Ahead of the parliament's negative vote on 11 February, the US had indicated that it could opt for bilateral deals with Belgium and Netherlands - the countries that host the data bases of the main company facilitating international bank transfers: the Society for Worldwide Interbank Financial Telecommunication (Swift).
This path is seen as offering even less data protection guarantees than an EU-wide agreement, which requires the approval of the European Parliament.
"There were some discussions about bilateral agreements, but the Council [of Ministers, representing the member states] is quite clear: We want something for Europe as a whole, an agreement tbat includes restrictions and allays concerns of the European Parliament," Mr Rubalcaba stressed.

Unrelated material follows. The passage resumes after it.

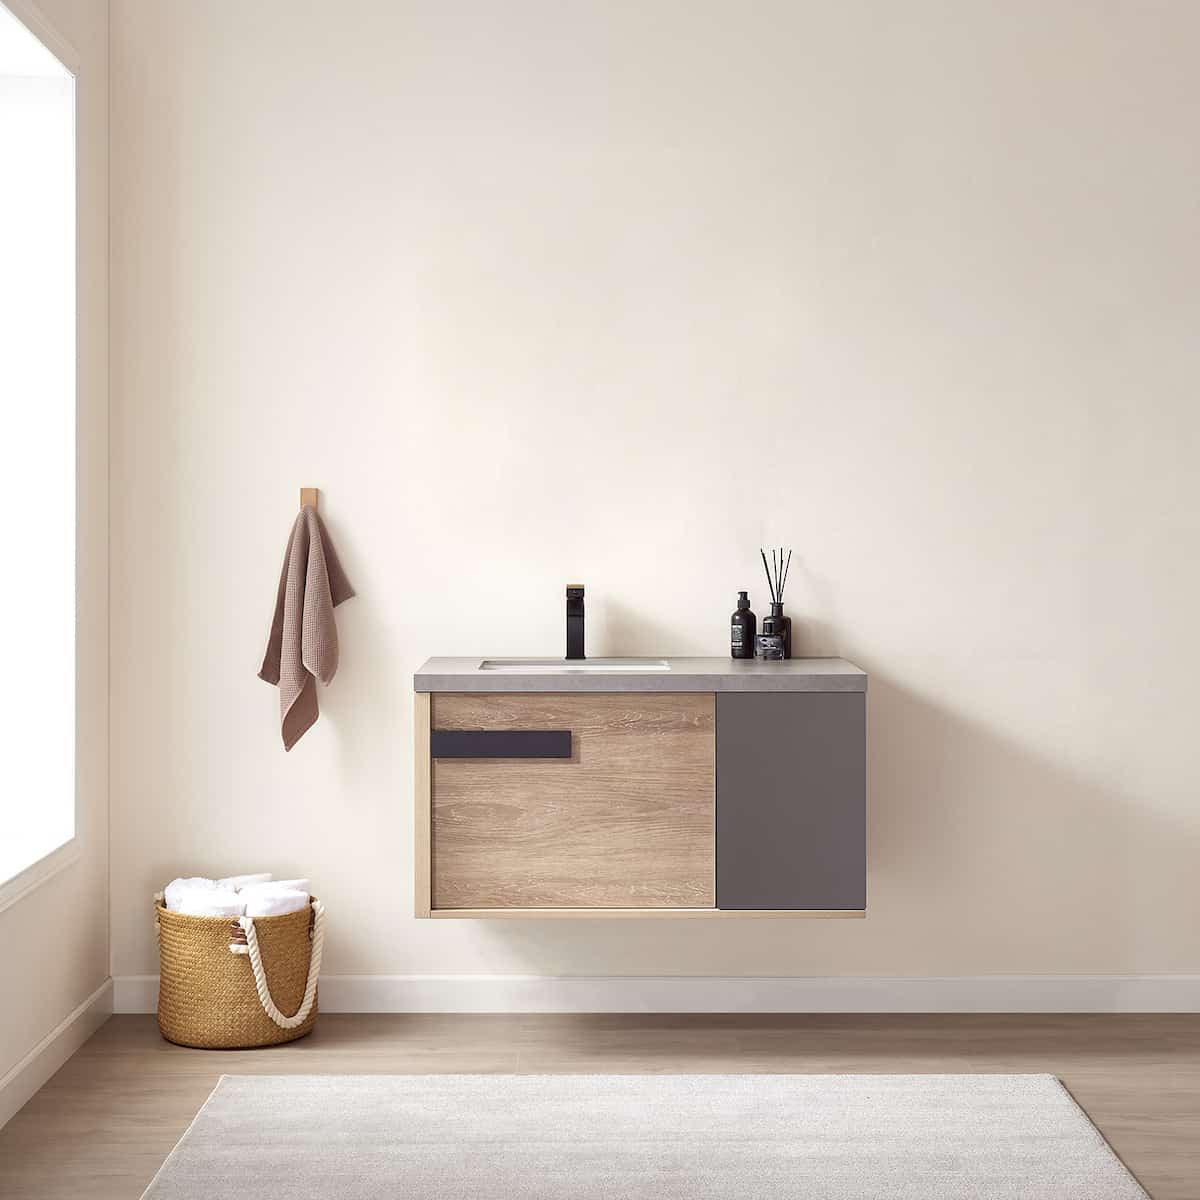 Vinnova Carcastillo 40 Inch Wall Mount Single Vanity in North American Oak with Grey Sintered Stone Top Without Mirror in Bathroom 703240-NO-WK-NM
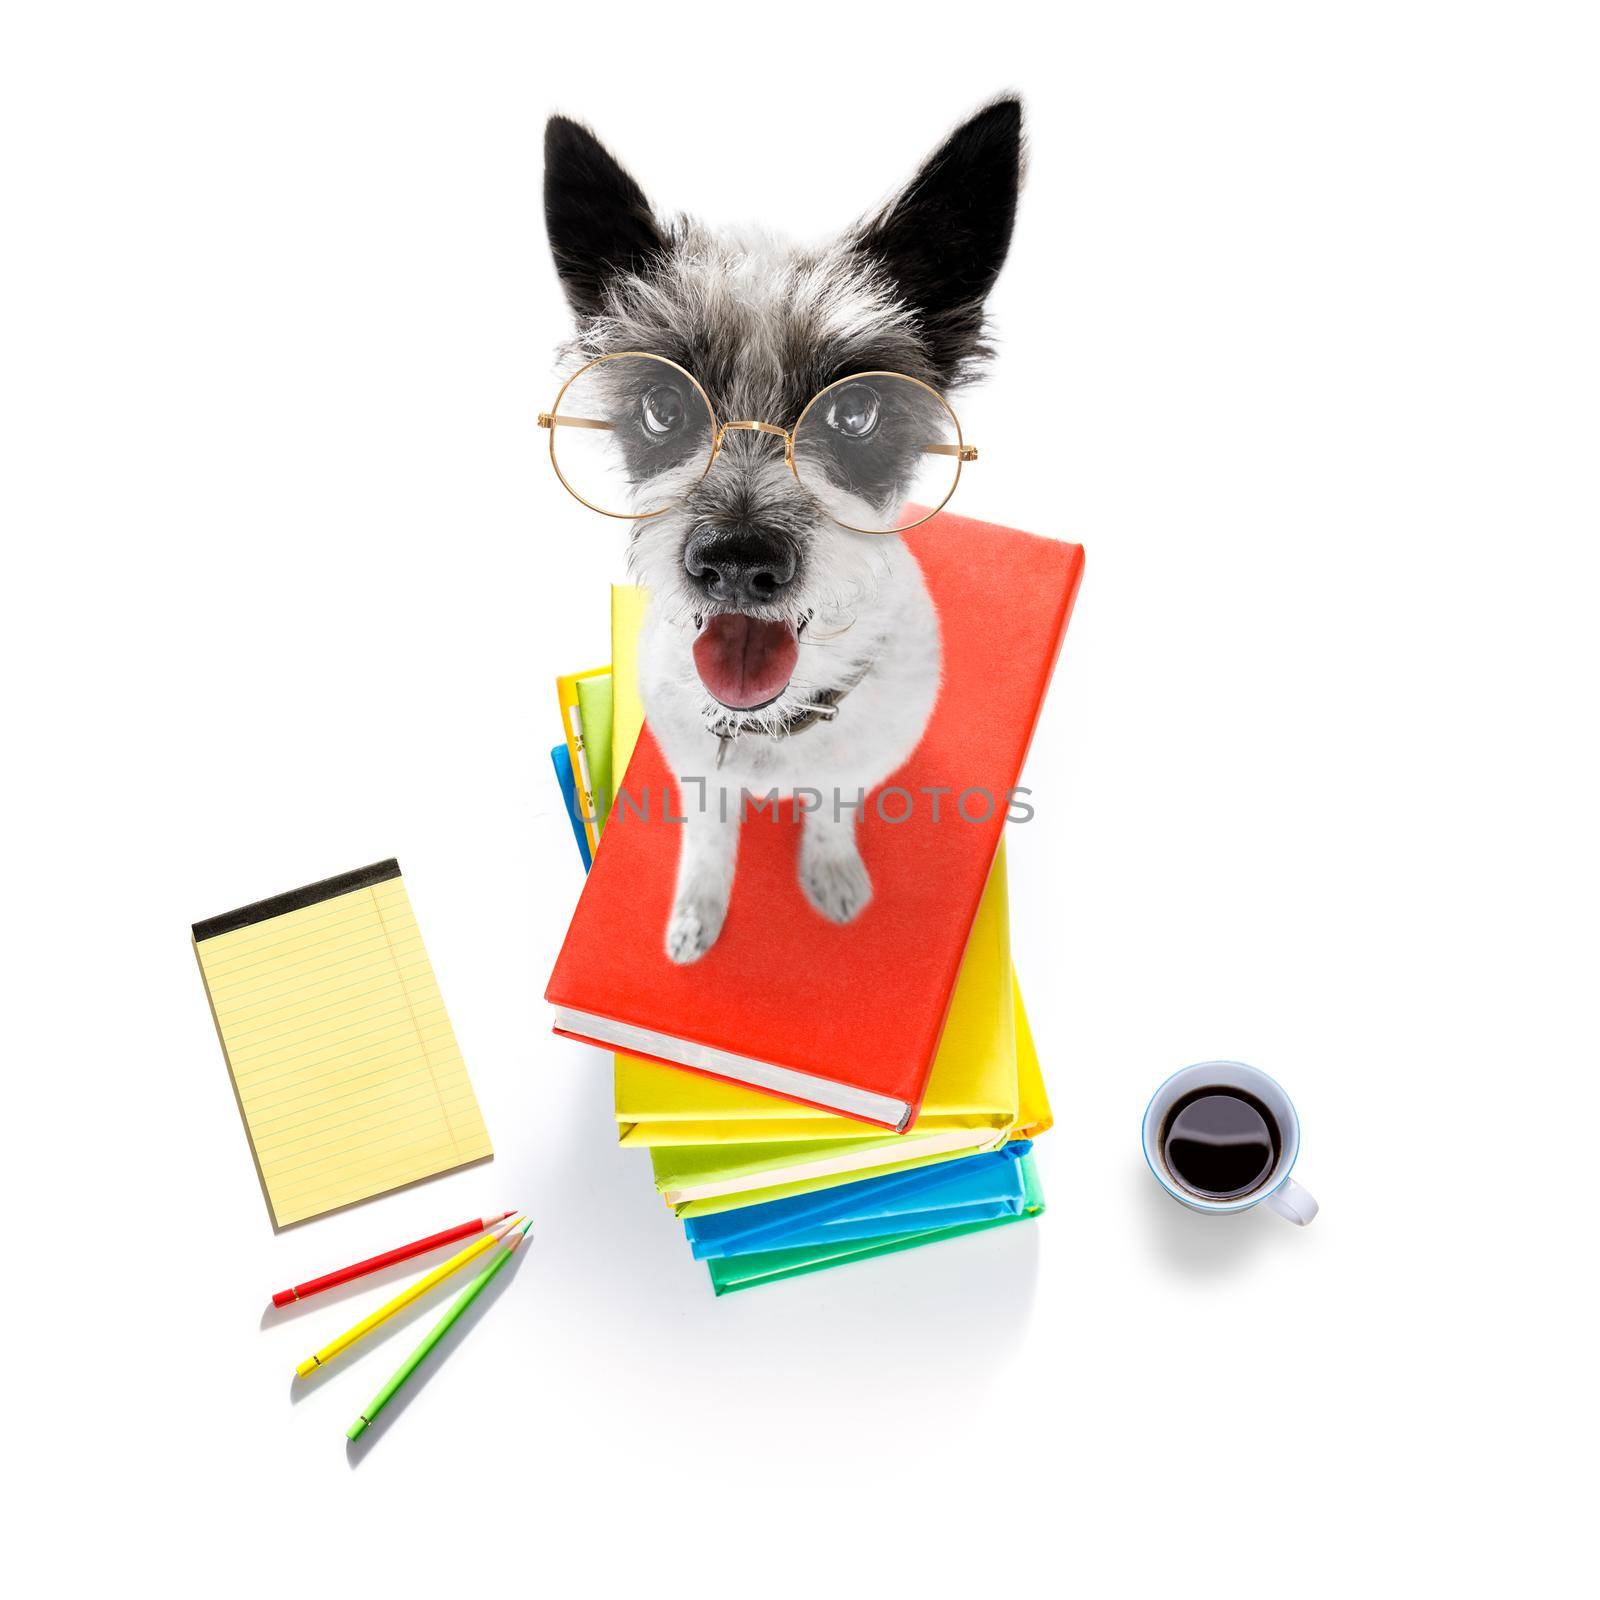 smart dog and books by Brosch

When asked if the Belgian and Dutch minister promised not to strike bilateral deals with the US, the Spanish official replied that they "made clear statements in favour of an EU agreement" - a view that was unanimous among the bloc's ministers.
EU diplomats however point to the fact the bilateral option is not off the table, given the time pressure and the "security gap" created by the rejection of the interim deal.
A new deal - if the US agrees to go through the process again - is not expected to be struck before autumn this year. "And the problem is that the parliament can still say 'no' in the end, despite being informed all along," one EU official told this website.
The temporary agreement negotiated last year by the Swedish EU presidency and briefly enacted from 1 to 11 February until the parliament struck it down, was aimed at keeping the data flow going, as Swift reconfigured its databases on 1 January so that the one on US soil would no longer mirror European data.
The reconfiguration was prompted by a media scandal back in 2006 when it emerged that Swift was allowing US authorities to access its American database as part of the "War on Terror" following the attacks on New York and Washington of 11 September 2001.
Apart from data protection issues, the interim agreement was also a victim of the power struggle between the EU's three bodies once the new legal framework came into force on 1 December 2009.
The European Parliament argued that it had been sidelined during negotiations on the interim agreement last year and that the EU executive and the Council of Ministers rushed to sign the deal on 30 November, just one day before the Lisbon Treaty was enacted, granting lawmakers a bigger say on the matter.
Meanwhile, the commission is currently drafting a negotiating mandate on behalf of the EU, which would include some of the concerns expressed by MEPs, such as the fact that data is transmitted in bulk, not in individual cases.
"The interim agreement was not perfect, we'll come up with something better," home affairs commissioner Cecilia Malmstrom said during the same press conference, while pledging to keep the parliament informed from the very beginning and throughout the whole process.